The authoritarianism of some pandemic responses in the Indo-Pacific has received considerable international criticism. However, many responses to the veritable infodemic afflicting the region have often been no less authoritarian and deserve no less condemnation.
The term ‘infodemic’ refers to seismic increases in information about a given topic in a short space of time. Further, the information can be subcategorized to include both misinformation (unknowingly false and benevolently spread) and disinformation (knowingly false and maliciously spread). Infodemics have been a growing social issue in the Indo-Pacific region for years.
The significance of the issue is illustrated by the increasing digital authoritarianism in the region. In recent years, more central governments have turned to digital technology in order to suppress, surveil and quash journalists and the digital landscape more broadly. In 2019, Singapore passed its controversial Protection From Online Falsehoods and Manipulation Bill, which allows government ministers to prosecute individuals who share online falsehoods deemed contrary to the “public interest”. Similarly, Thailand’s 2016 Computer-Related Crime Act allows the government to determine falsehoods and order their removal from online forums.
Of course, some products of the infodemic are absurd and vacuous, such as the widely-circulated notion that 5G is the root cause of the virus, or that “cosmic-level sound waves” produced by wide-spread clapping in India slowed its spread. Other products, however, have the potential to seriously compromise public health. For example, several hundred deaths in Iran followed widely-circulated misinformation that methanol consumption would cure the virus. Perhaps unsurprisingly, therefore, the worsening of the infodemic during the coronavirus pandemic has intensified digital authoritarianism in the region; with governments eager to distil truth from falsehood in such unstable times.
Vietnam has introduced extortionate fines for those found guilty of sharing “false, untruthful, distorted, or slanderous information.” In addition to fines, some Facebook users such as Ma Phung Ngoc Phu have received jail sentences. Myanmar’s government has cited concerns over misinformation when blocking 221 websites guilty of perpetuating “fake news”. In India, journalists who reported on the dire circumstances faced by migrants during the pandemic have been booked by local authorities.

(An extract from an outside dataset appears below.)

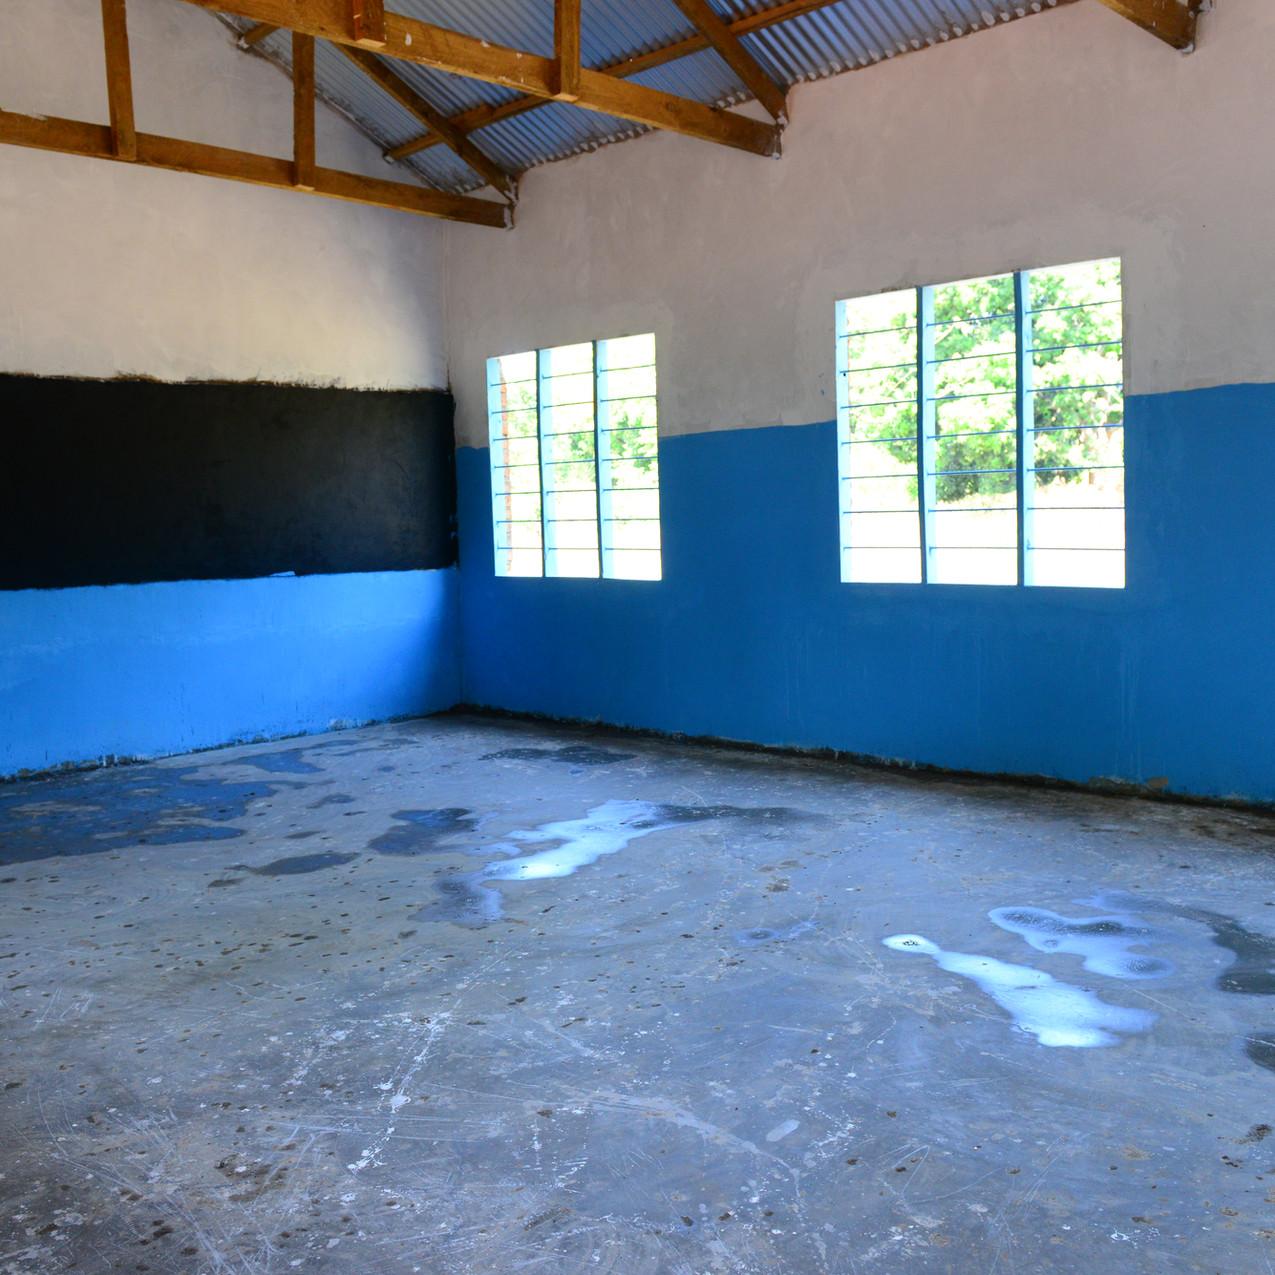 新設した教室

Though ostensibly undertaken in the name of public health, there are concerns that these initiatives are merely a pretext for the implementation or consolidation of authoritarian power. In recent years, Cambodia has received serious international criticism over the forcible dissolution of the main political opposition: the Cambodia National Rescue Party (CNRP). In March of this year, under the ad hoc Law on Governing the Country in a State of Emergency legislation, dozens of Cambodians were detained for sharing Covid-19 related misinformation, only being released after signing apology letters. It is reported that at least twelve of those detained had direct links to the CNRP. Of these affairs, the Deputy Asia Director of Human Rights Watch asserted that “Prime Minister Hun Sen is busy tightening his grip on power and throwing political opposition figures and critics in jail while the world is distracted by Covid-19”.
Indonesia has gone down a similar path. Under a state directive issued to the Indonesian National Police in April, citizens may be prosecuted for the circulation of Covid-19 related misinformation and disinformation, the fraudulent sale of health equipment and, most concerningly, criticism of president Joko Widodo or his government. Of the final provision, Reporters Without Borders’ Daniel Bastard accused Indonesian Police of “taking advantage of the need to combat disinformation linked to the Covid-19 pandemic in order to rein in journalists who might want to publish information critical of President Joko Widodo or his government”. The journalist watchdog also expressed concerns that, in addition to penalising political dissent, the Indonesian government may covertly usher in its long-opposed and sweeping revisions to the Criminal Code under the guise of a disinterested pandemic response.
With the international community focusing its gaze upon more immediate problems stimulated by the pandemic, the conditions are ripe for power-grabs such as these. It is imperative that governments in the region are not allowed to transition towards or consolidate authoritarian power under the pretext of their pandemic responses without criticism. In a hotly contested strategic environment, with power dynamics changing constantly, a sharp and unchecked increase in the proportion of authoritarian regimes could prove a decisive and destabilizing factor in the broader battle for the Indo-Pacific.